Regarding the reliability analysis, the use of hypothetic scenarios may represent a limitation as it involves a simplified form of real prioritisation. The scenarios had a limited number of patients' characteristics to keep it manageable for participants, which impedes the analysis of patients' characteristics that might have influenced priority assessment. Besides, the scenarios stated clearly which were the patients' priority profiles avoiding other factors that may influence doctor-patient communication during the medical visit, as the influence that patients' requirements and attitudes might have had over doctors' priority assessment. This could have increased the estimation of the prioritisation instruments ICC.

The development of prioritisation instruments could be a time-consuming task, which might induce the utilisation of more simple and quick-to-administer instruments. The strong correlation noted both for the CAHTA's AI and CI with the doctor's opinion on surgical priority could justify VAS utilisation as an alternative prioritisation instrument. Moreover, in Canada the VAS showed an inter-observer reliability of between 0.70 and 0.82 similar to that of CAHTA's AI and CI [12]. However, using this kind of instruments does not make explicit the criteria used to determine the need for surgery, and the instruments themselves may show significant variability [33]. The main contribution of the prioritisation instruments is a greater transparency in the management of waiting lists which may increase trust in the health care system among the general population. Moreover, the inclusion in the prioritisation instruments not only of medical specialists opinions, but also the preferences of general population, patients and close relatives and allied-health professionals, may increase the acceptability of these type of instruments.

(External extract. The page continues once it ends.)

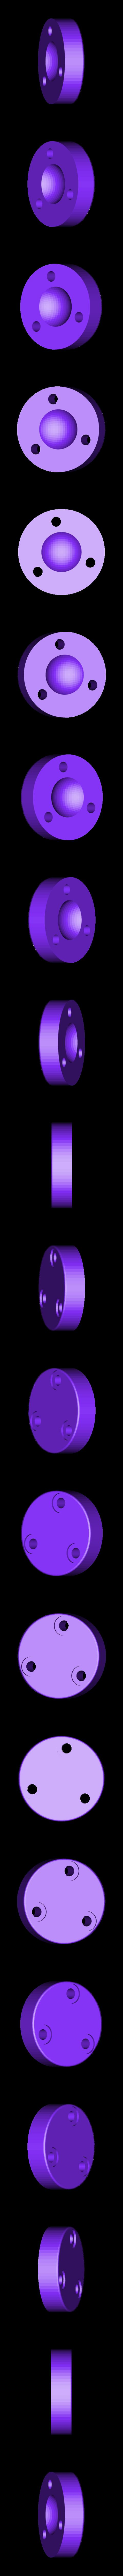 T_Rex_Body_part.stl Download STL file T-rex Robot • Template to 3D print, 3d-fabric-jean-pierre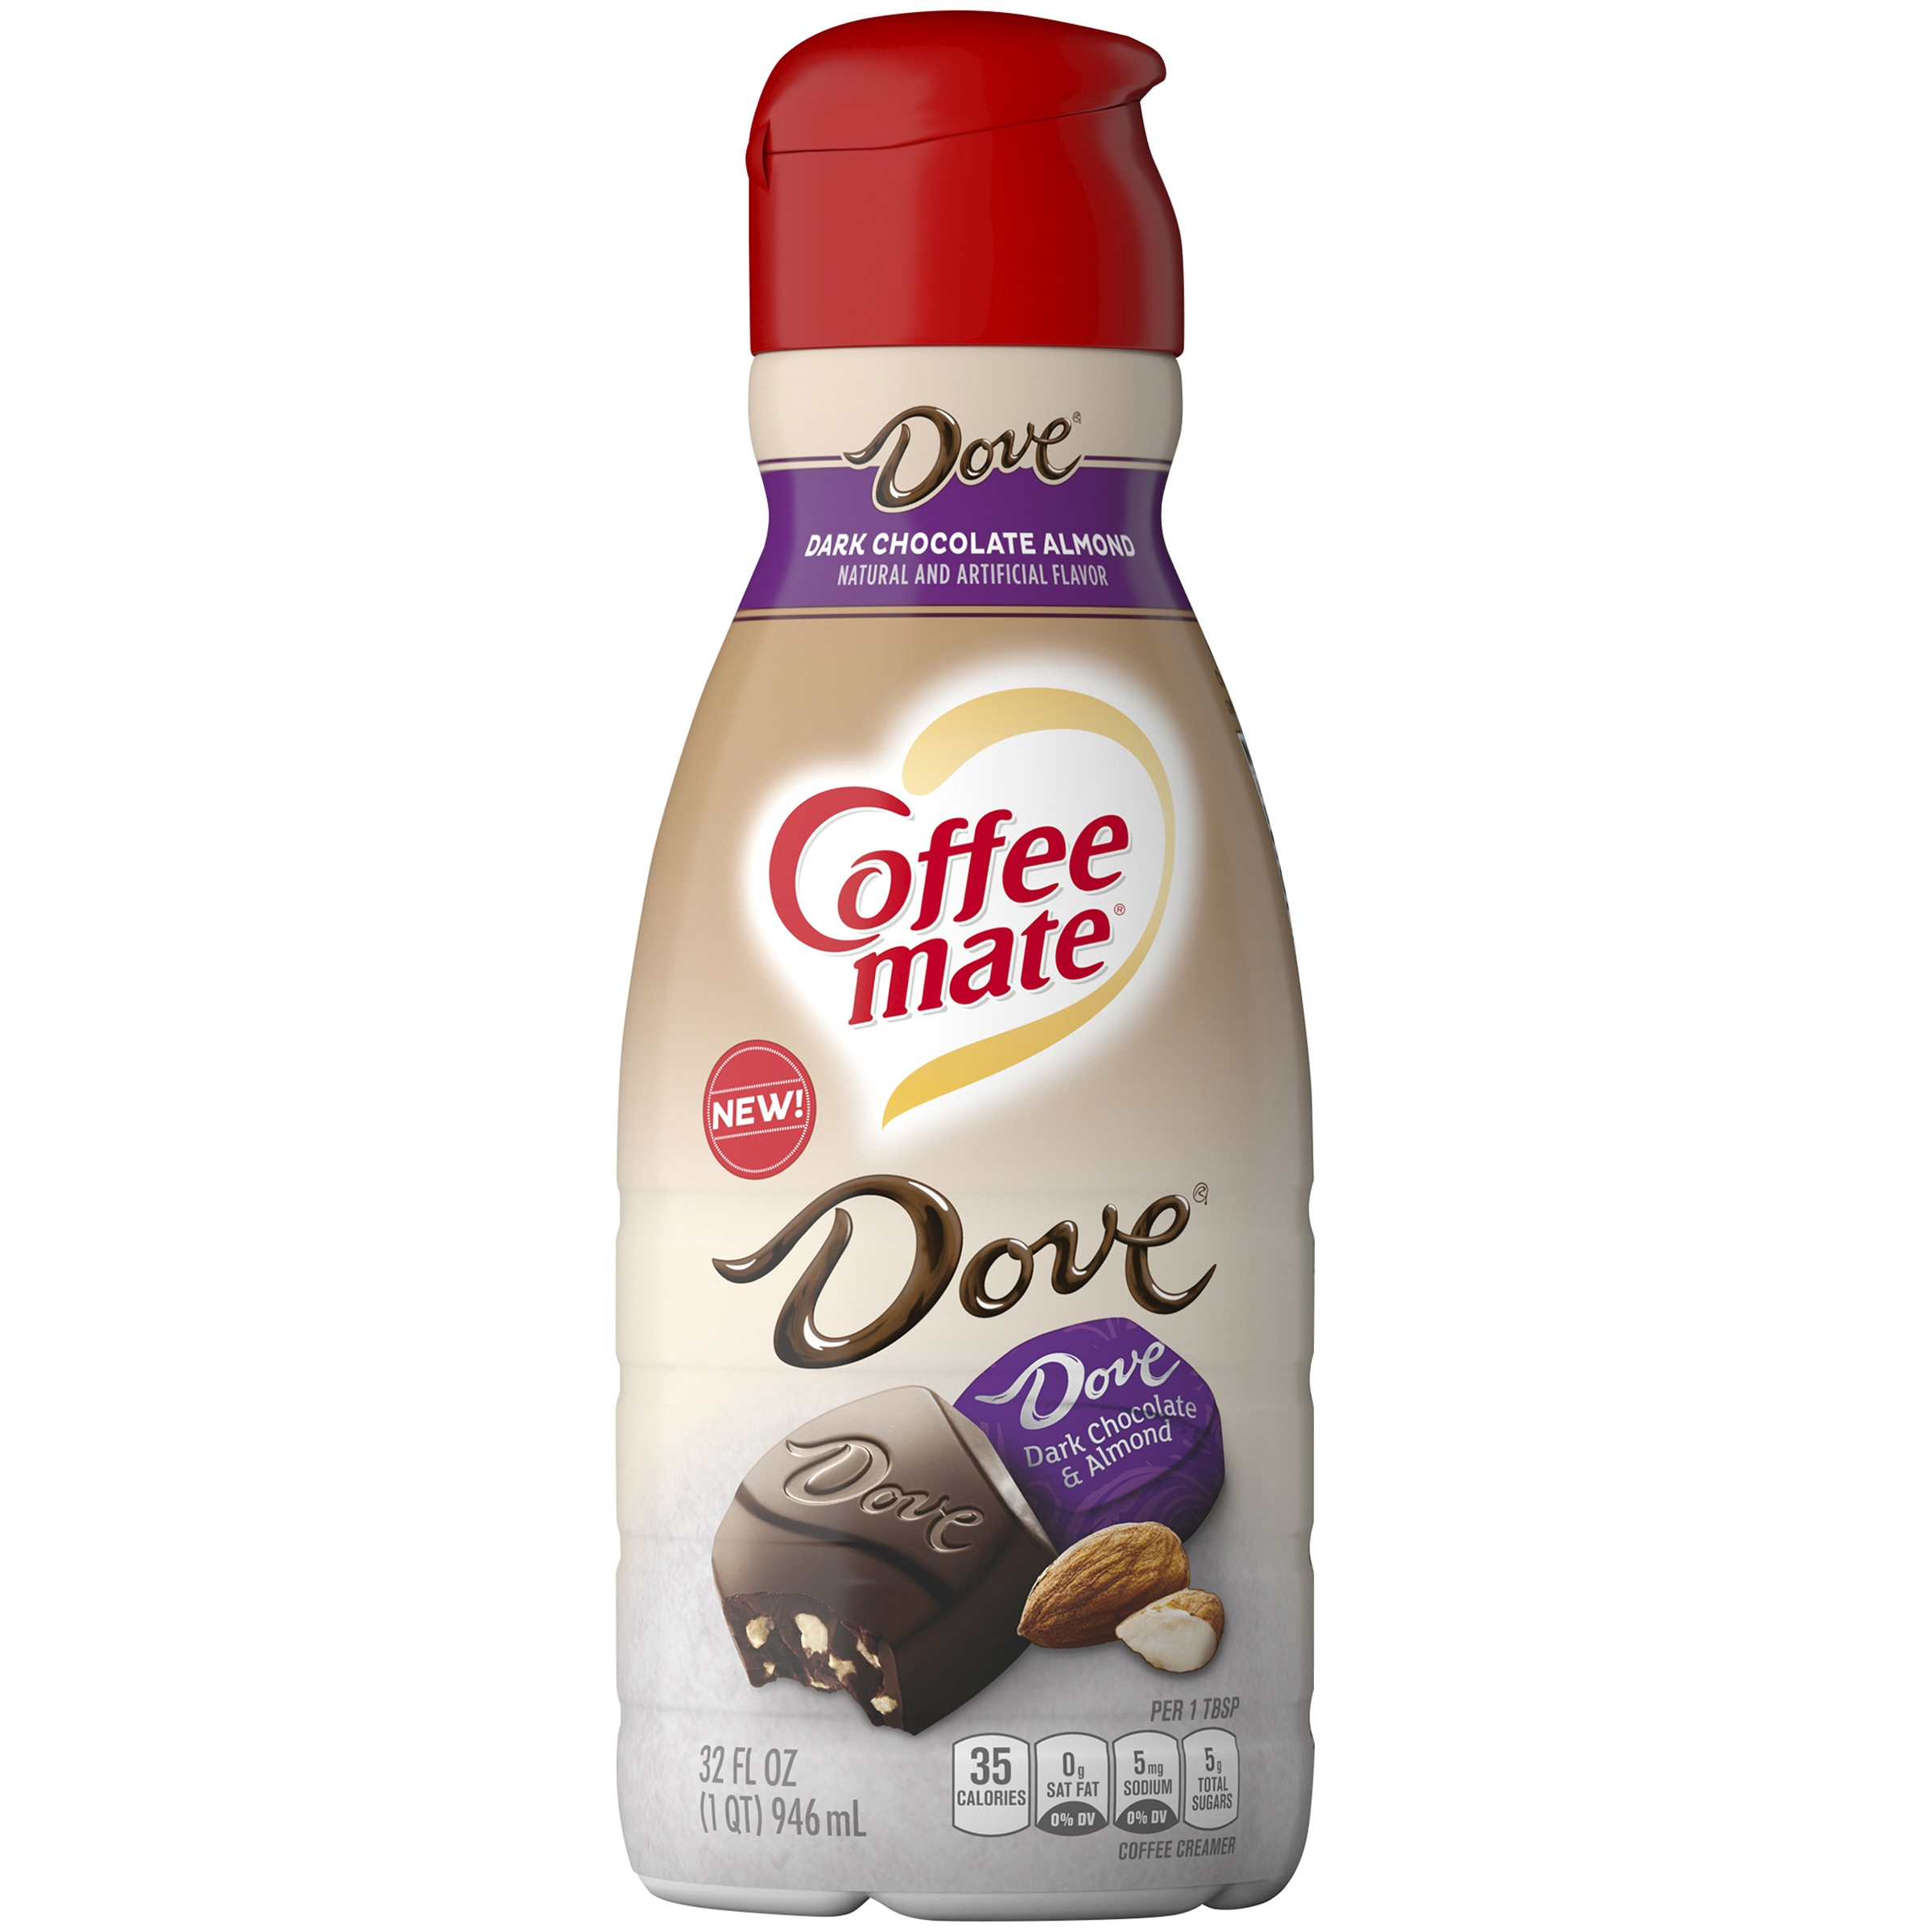 COFFEE MATE DOVE Dark Chocolate Almond Flavored Liquid Coffee Creamer, 32 Fl. Oz. Bottle | Non-Dairy, Lactose-Free, Cholesterol-Free, Gluten-Free Creamer

The validity of the AI and CI seems acceptable. Besides their construct validity and reliability, the method followed to develop them assures a good content validity, and they also showed an adequate internal validity being able to discriminate between different patients' priority profiles [16, 17]. However, there are other important aspects to take into consideration before their implementation. Routine use in the clinical setting requires the instrument to be manageable. Although simplicity could threaten validity, a prioritisation instrument with few criteria reduces the possibility of missing information on some of them. On the other hand, the inclusion in the prioritisation instrument of many criteria usually assessed during the medical visit may reduce the burden of its administration. Nevertheless, the utilisation of these prioritisation instruments could be sometimes difficult. All health professionals and managers must be involved in their implementation. It could be also necessary to supervise its application to prevent distortions in the priority assessment – an inflation of the priority score could happen once patients know which are the criteria used to order the waiting list or doctors could increase the priority of their patients to justify their inclusion in the waiting list-, and it has to be set up as an information system able to both incorporate and apply this new information. However, it is important to highlight that both hip and knee arthroplasties and cataract surgery are surgical interventions that have proved their worth in our society, so that reducing the waiting time for those who most need the surgery implies a significant reduction in the overall burden of impairment and disease [34]. Such a reduction of the burden among the general population could assist families and reduce the costs both of the medical attention required and of the different kinds of social benefits.

Conclusion

The findings show acceptable validity and reliability for prioritisation instruments in determining the overall priority of a patient awaiting surgery with a high degree of agreement between evaluators. Using prioritisation instruments can bring important improvements in the management of waiting lists.